**Exercise requirements**
Where the line containing "Hibiscus Girl Baby" appears below, start there and repeat each line exactly to the end. Leave the pictures out.

**Supplied information**
------
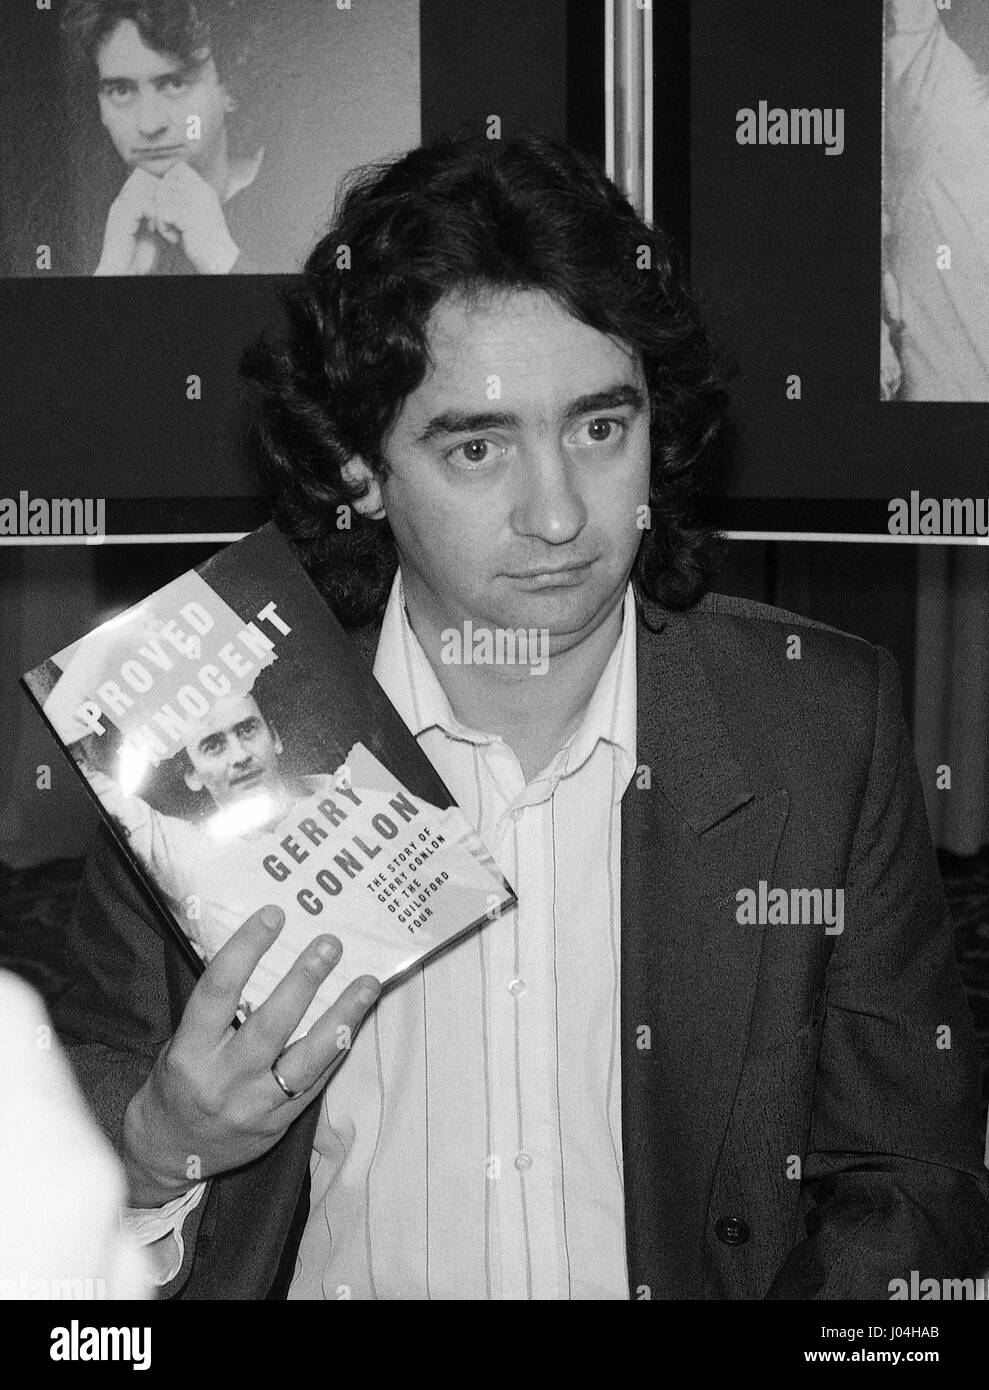 Gerry Conlon, one of the Guildford Four wrongly convicted for the Guildford pub bombings, attends a press conference to launch his book Proved Innocent in London, England on June 11, 1990. Stock Photo
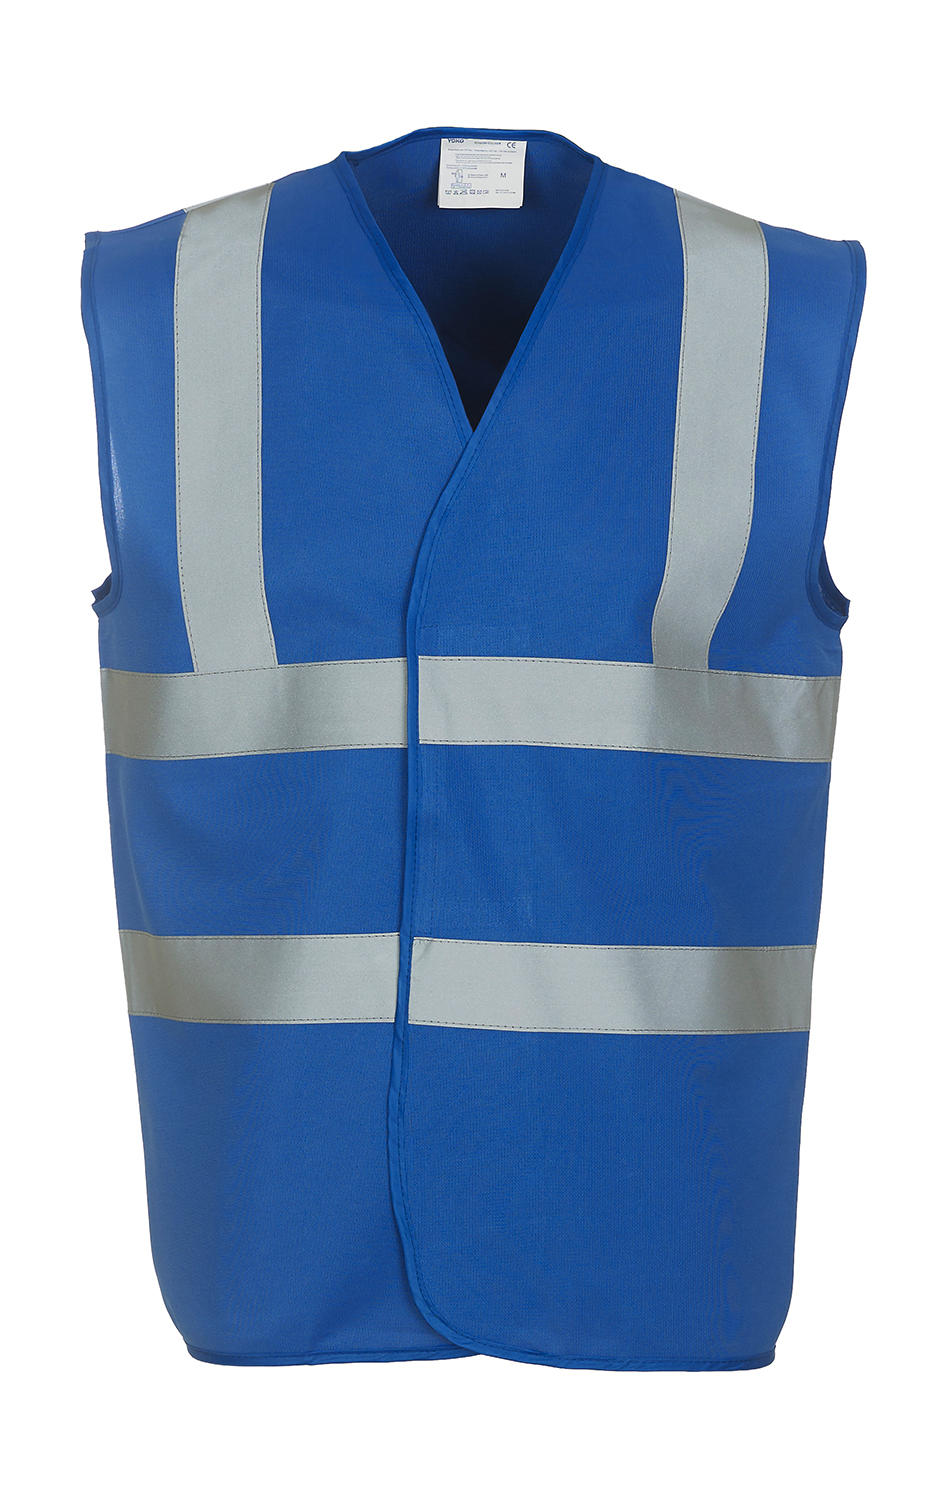  Fluo 2 Band+Brace Waistcoat in Farbe Royal Blue
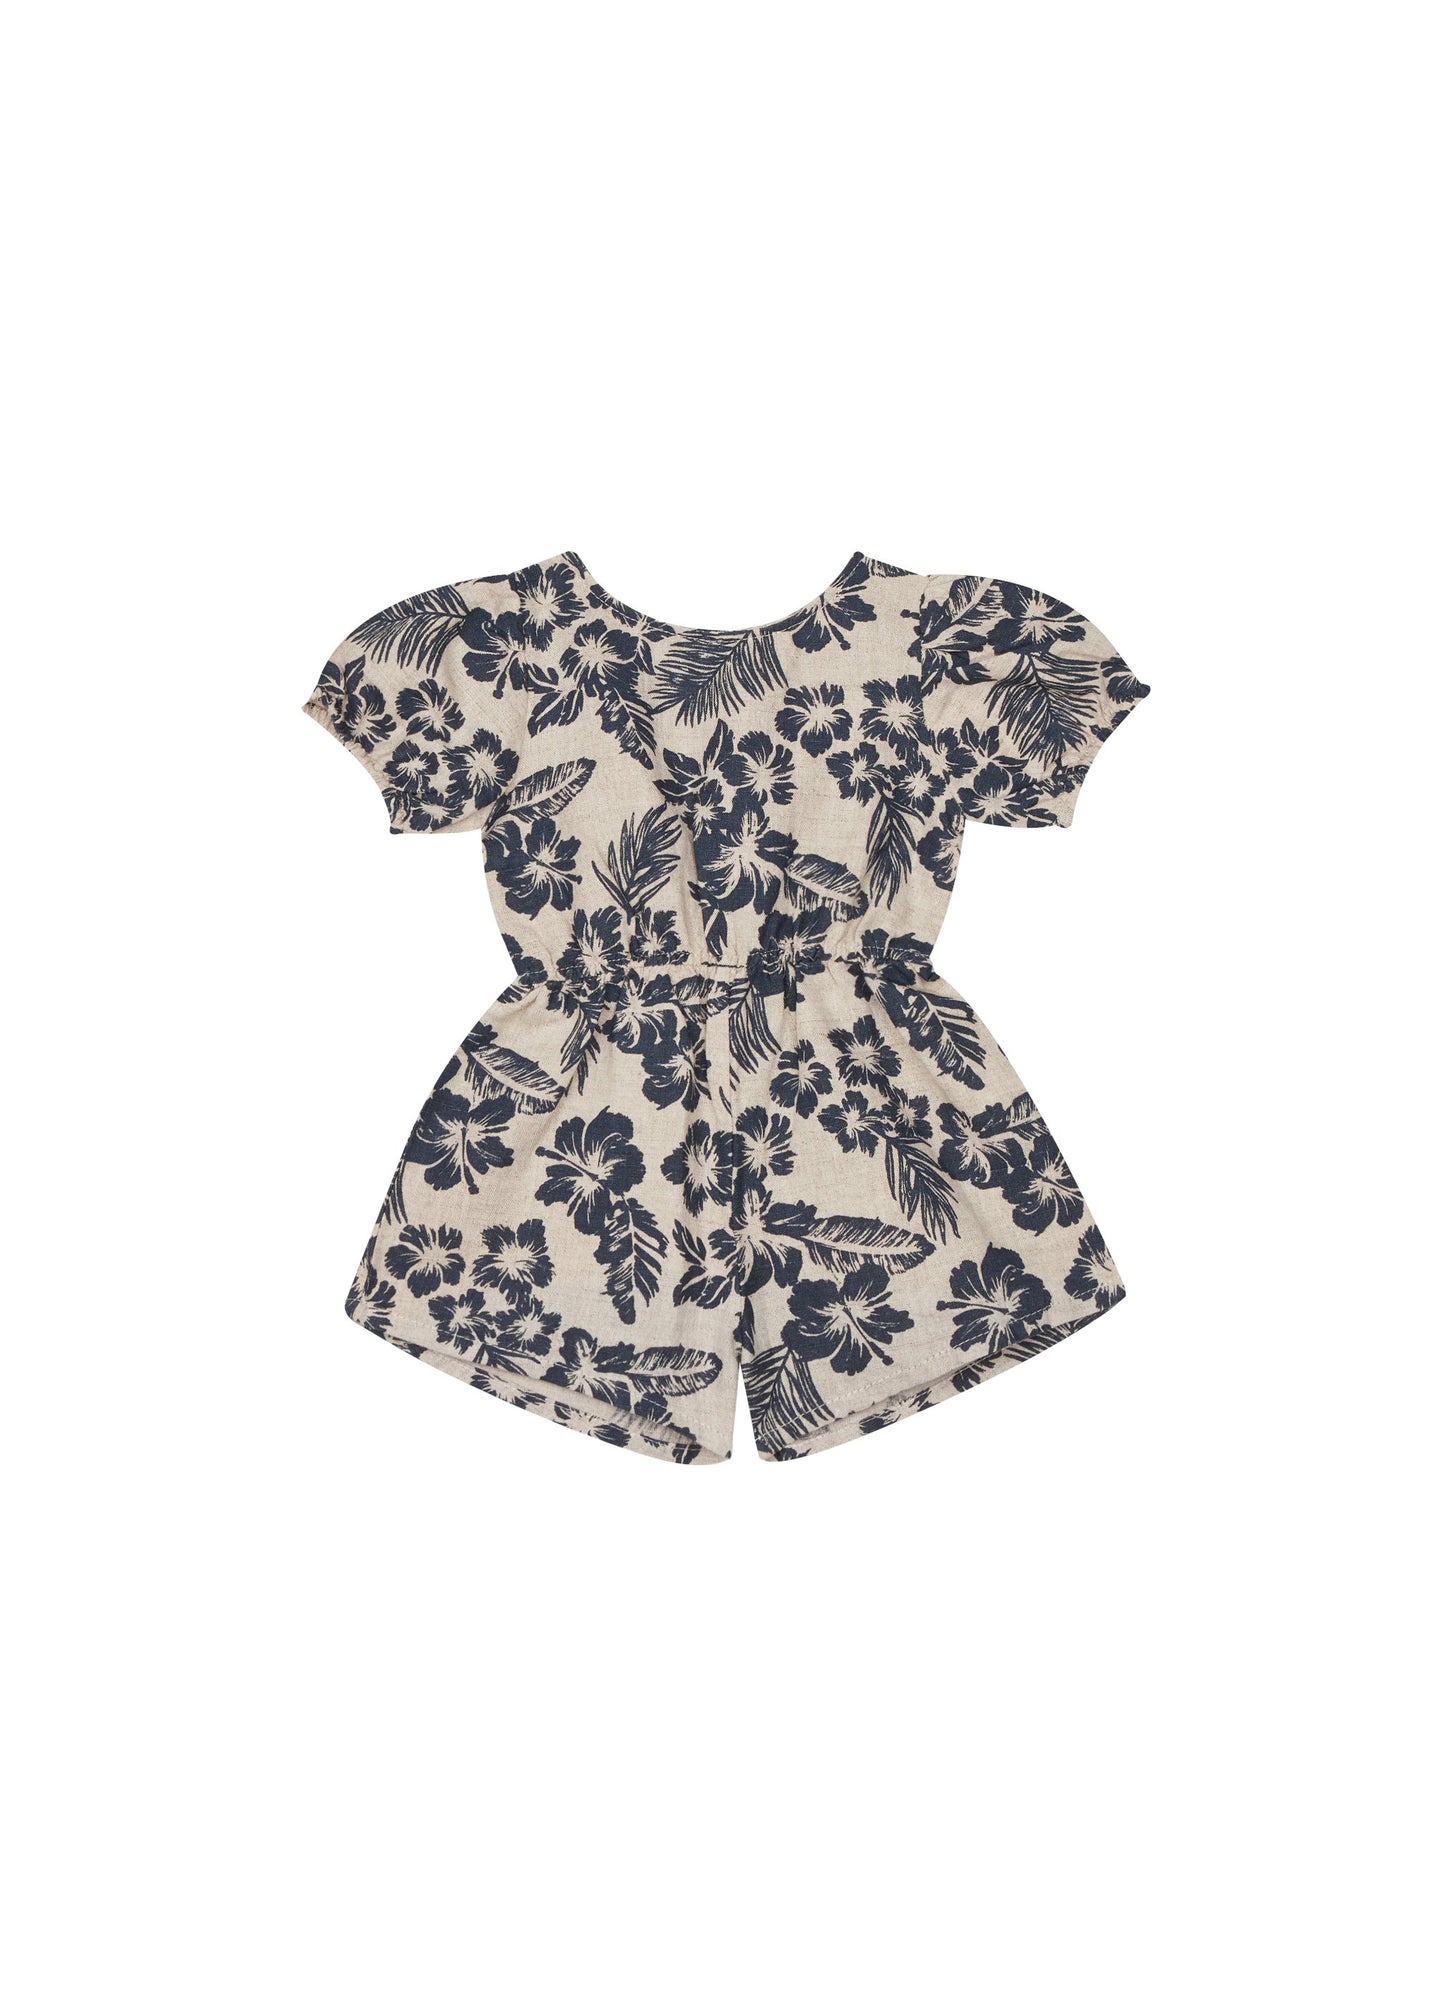 Hibiscus Girl Baby Romper Baby Grows The New Society 
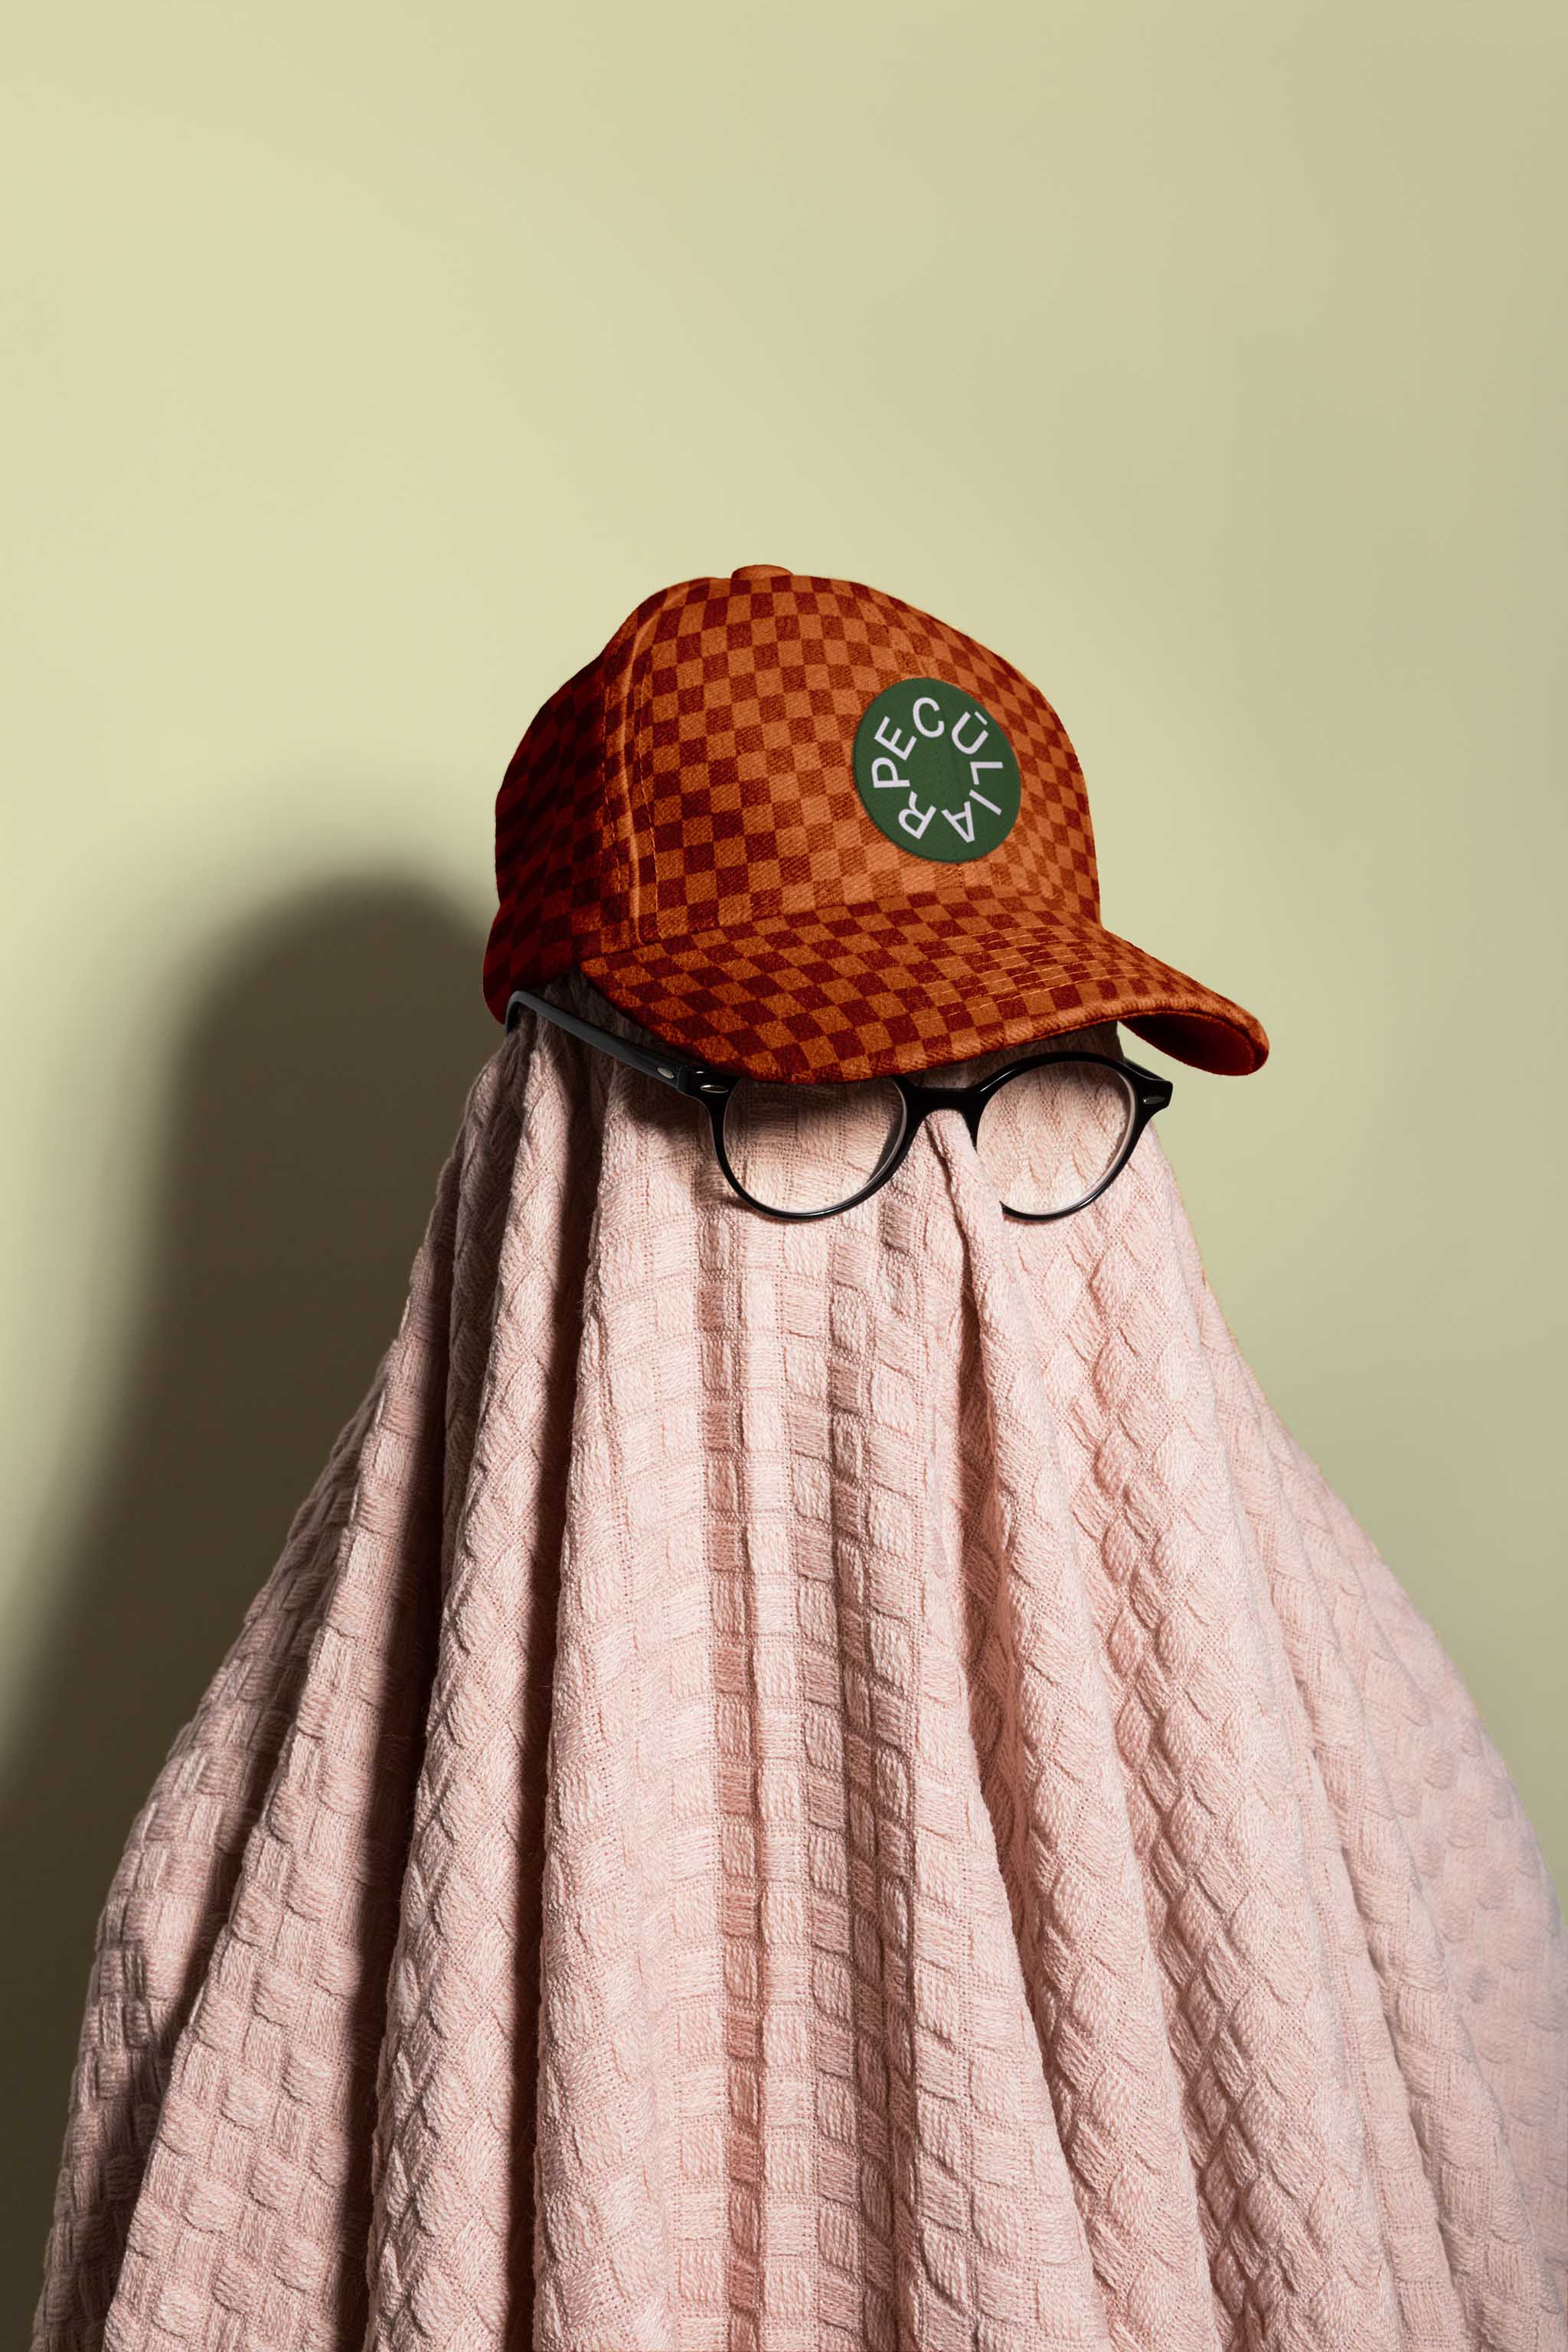 Mockup of a covered person with eyeglasses and a baseball hat on a studio background, in use example.
------
**Solution for this task**
 Hibiscus Girl Baby Romper Baby Grows The New Society 
 Mockup of a covered person with eyeglasses and a baseball hat on a studio background, in use example.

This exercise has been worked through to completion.